§ TRY IT
Exact copy, pictures excluded: the lines from the one containing "Multa e sequestro" to the end of the listing.

BEGIN RECORDED INFORMATION

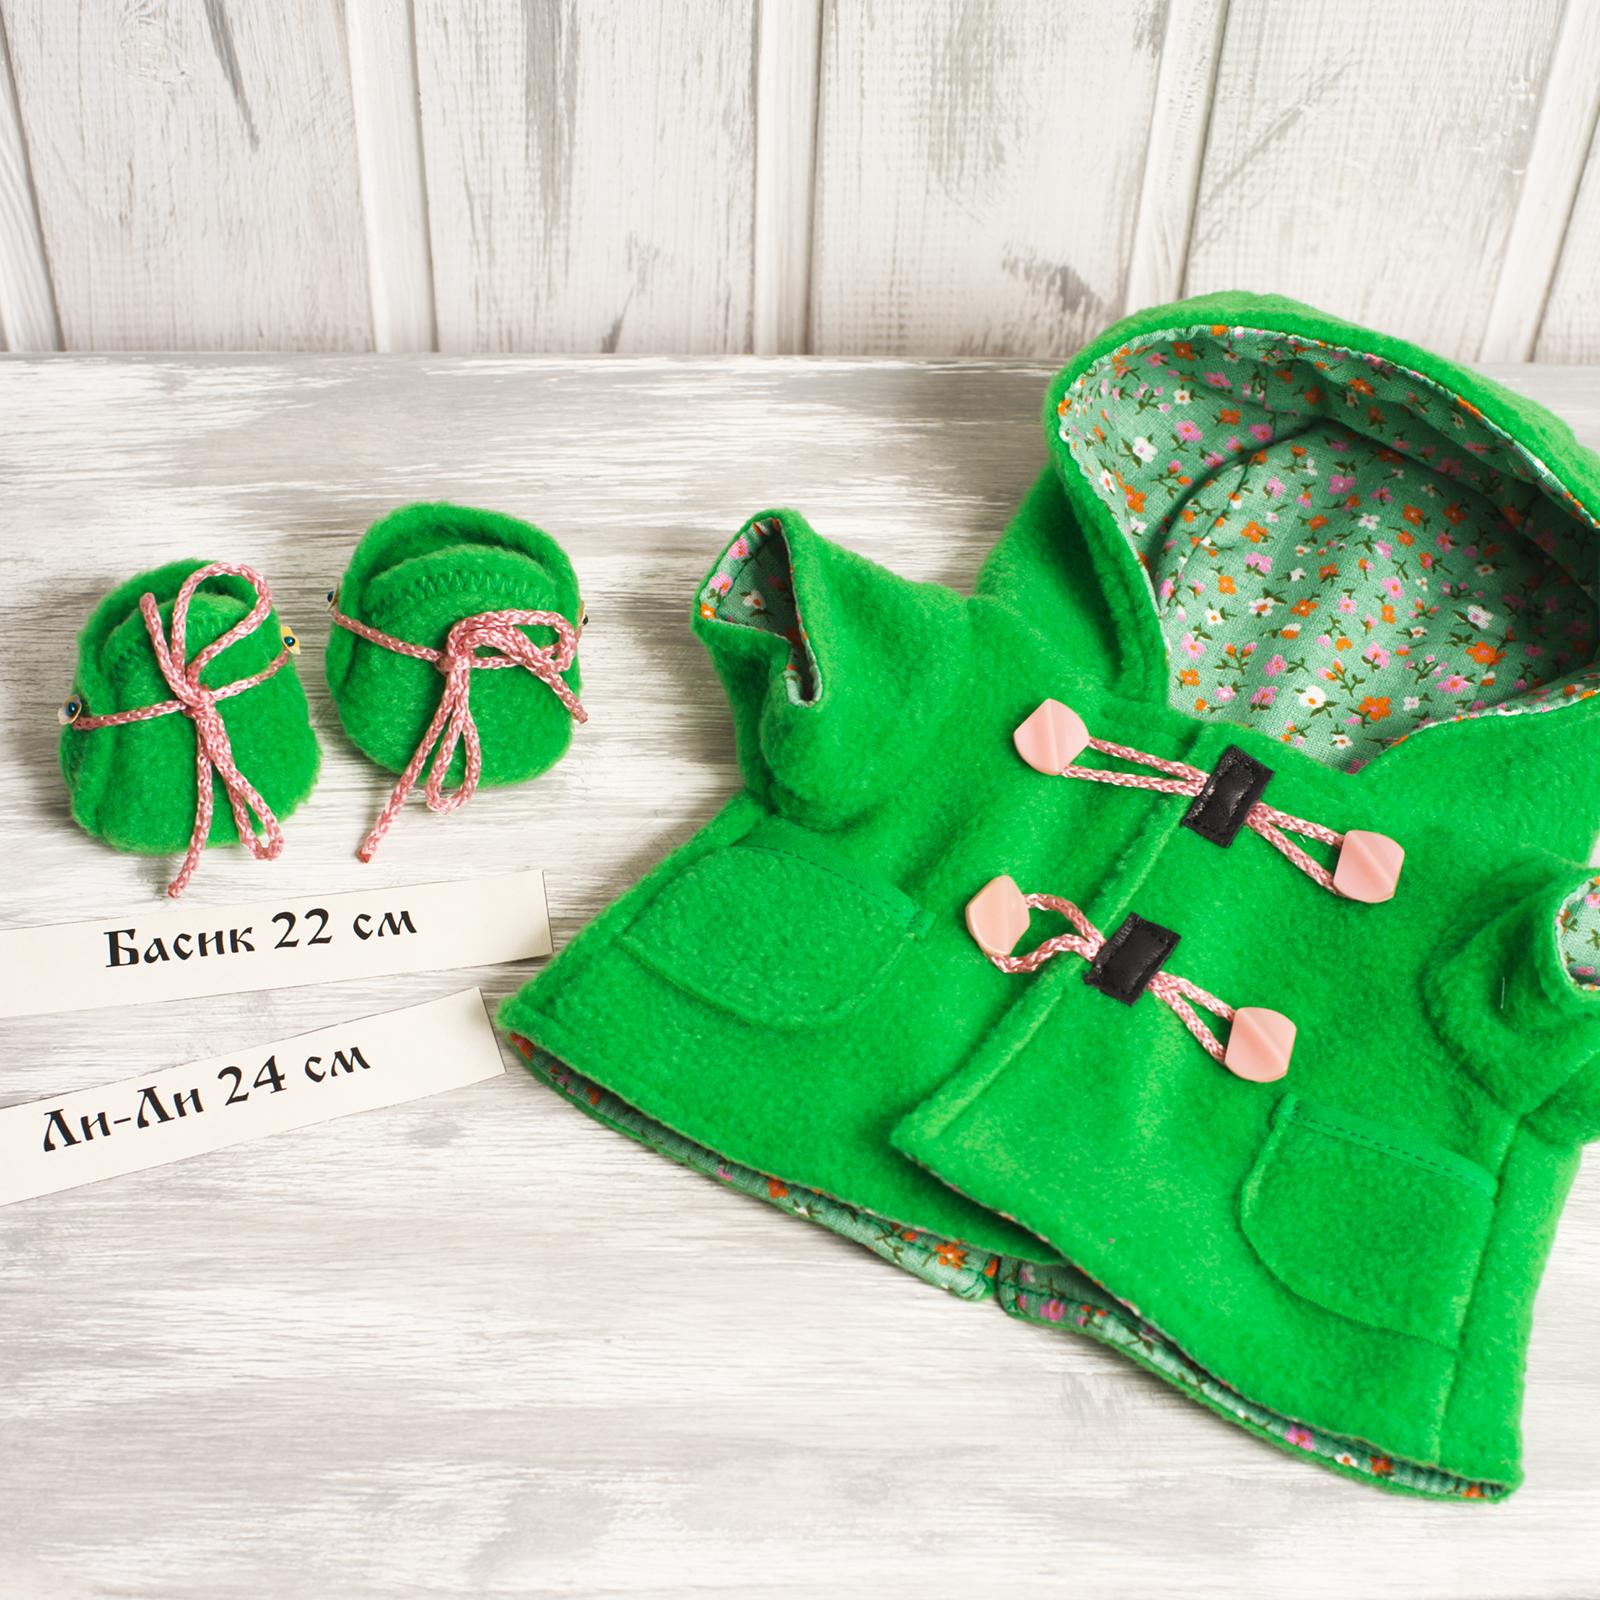 Пальто зелёное и обувь
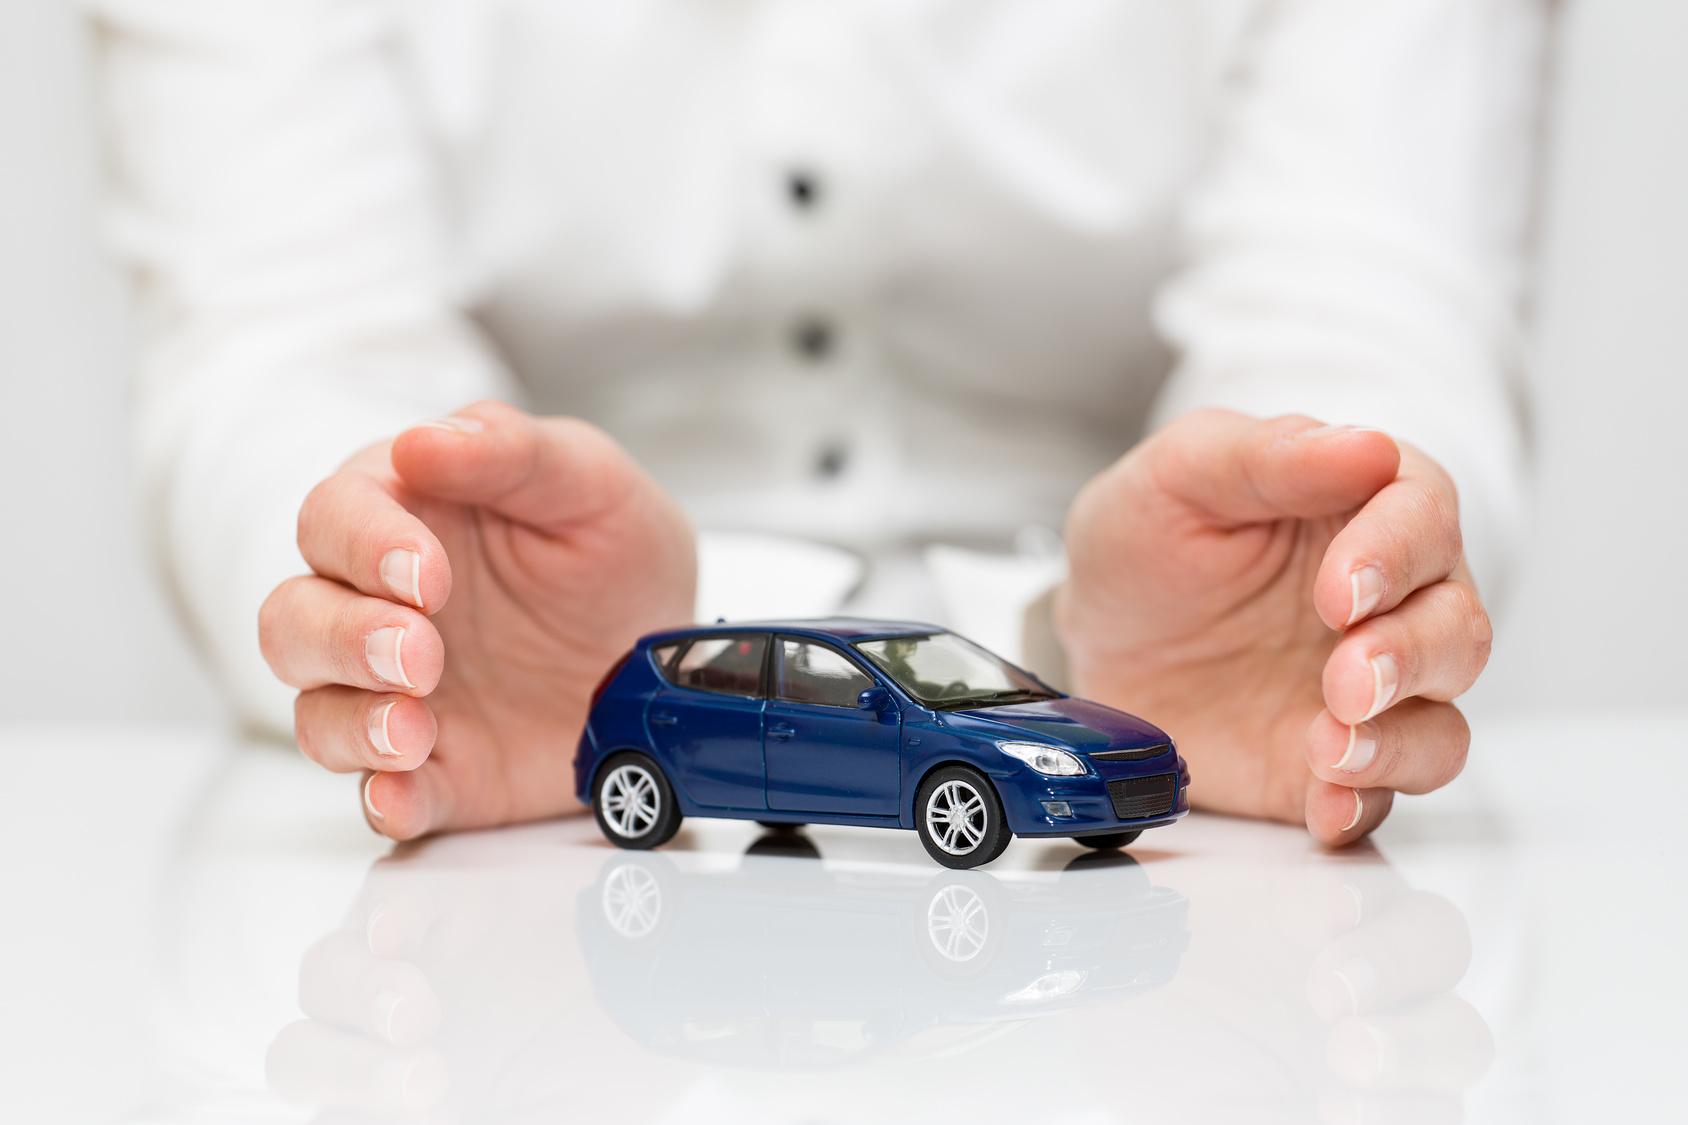 Multa e sequestro per l'auto senza assicurazione, anche se non circola
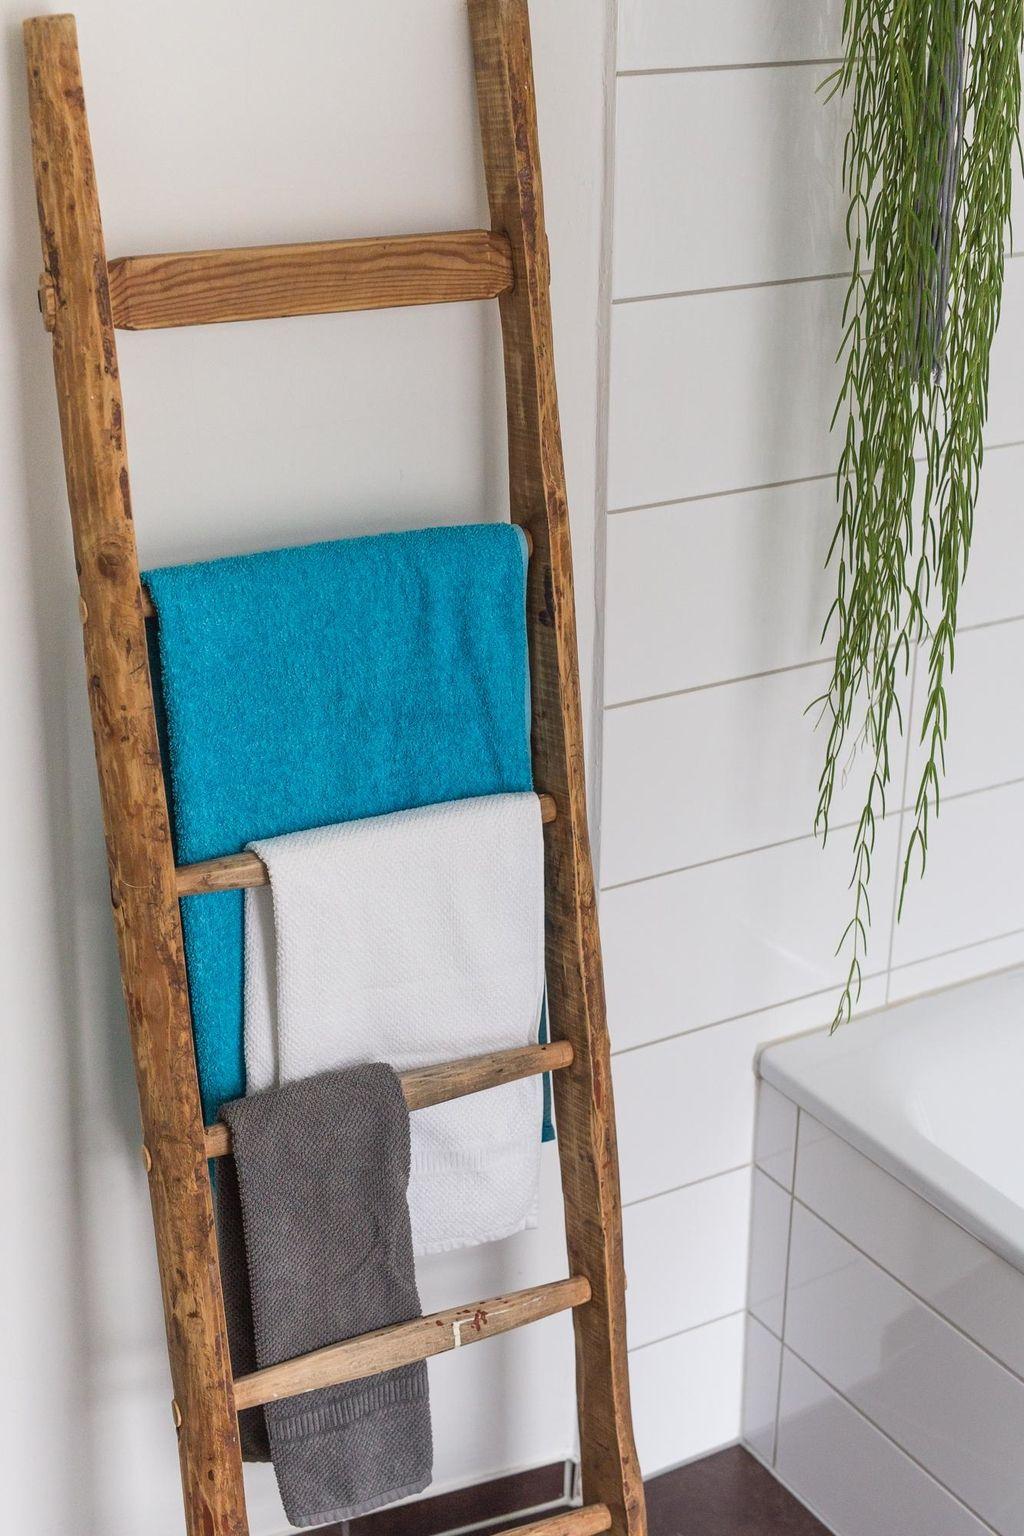 Dachbodenfund Eine alte Leiter wird zum handtuchha in

END RECORDED INFORMATION

§ ANSWER
 Multa e sequestro per l'auto senza assicurazione, anche se non circola
 Dachbodenfund Eine alte Leiter wird zum handtuchha in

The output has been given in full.